In celebration of Liquid Architecture's tenth year, the Melbourne program featured something slightly uncharacteristic of past LA festivals in the city: a bar event. At Horse Bazaar, host of the regular Stutter sound nights curated by Annalee Koernig, performances were given by Joel Stern, Martin Kay with Nick van Cuylenburg, Vijay Thillaimuthu and a DJ set by bags. Rather than existing as a space for total focussed listening, the bar can provide a contact site of engagement; its informal nature welcoming experimentation and risk in performances, as well as providing a physical environment for the meeting and sharing of a dialogue amongst the audiences. It is an element in the development of underground music in Australia that cannot be (and is not) overlooked.
Martin Kay and Nick van Cuylenburg demonstrated the compositional intelligence and psycho-acoustic richness that the artists often employ in their work as sound designers for theatre and film. With ambiguous but densely connotative washes of sound, the duo took the audience into an imaginative psychological mood of deep listening.

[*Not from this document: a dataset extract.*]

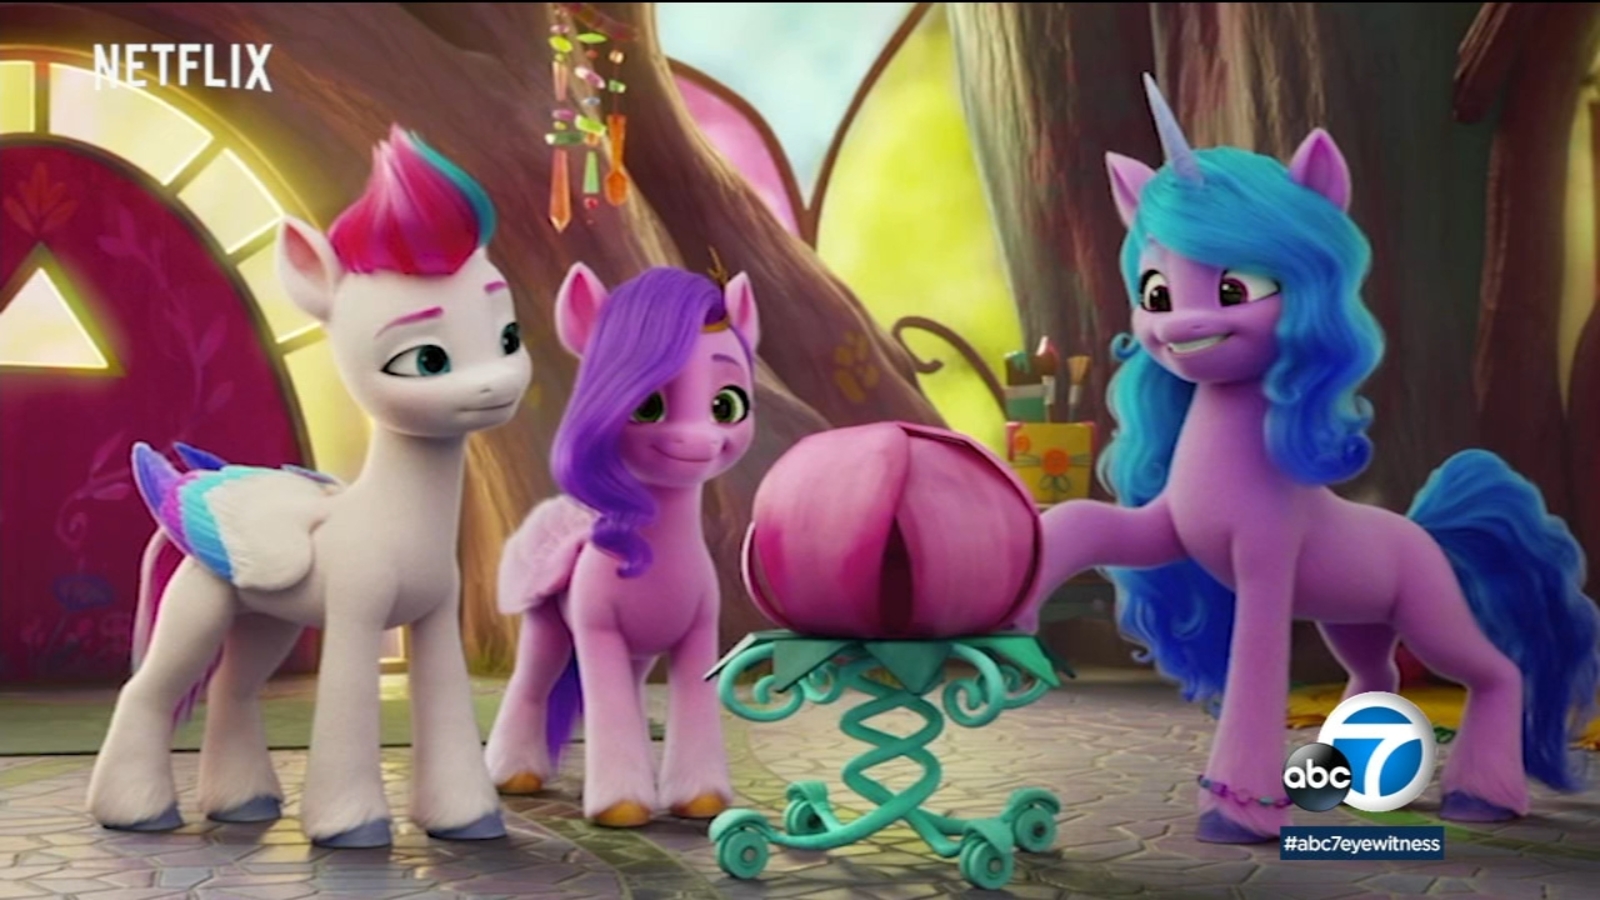 Vanessa Hudgens, Sofia Carson, James Marsden bring story of inclusion to kids in music filled 'My Little Pony:The Next Generation' Los Angeles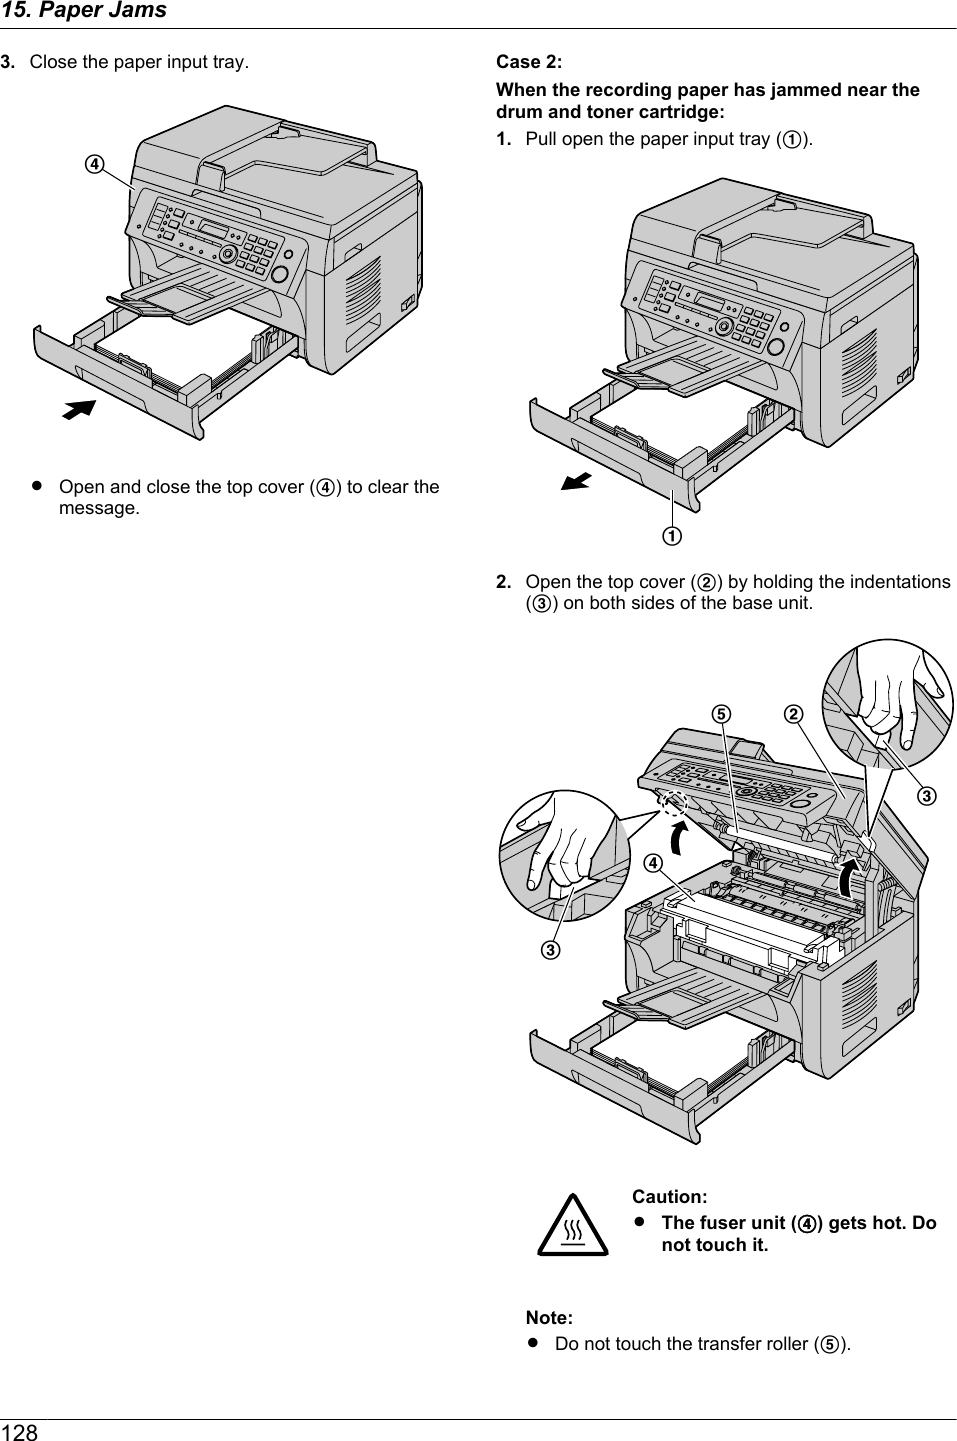 3. Close the paper input tray.DROpen and close the top cover (D) to clear themessage.Case 2:When the recording paper has jammed near thedrum and toner cartridge:1. Pull open the paper input tray (A).A2. Open the top cover (B) by holding the indentations(C) on both sides of the base unit.DEBCCCaution:RThe fuser unit (D) gets hot. Donot touch it.Note:RDo not touch the transfer roller (E).12815. Paper Jams

Vijay Thillaimuthu presented his ongoing audio-visual project. By feeding an audio signal of analogue noise, no-input mixing and distorted drum-loop grooves into an old television's video input signal, Thillaimuthu's TV created hypnotic flashes and patterns of light that synched with his highly performative sound improvisation. Creating full, warm yet bone grindingly physical sonic blasts, Thillaimuthu's performance was an engaging composition that spanned trance inducing rhythms to bombastic noise.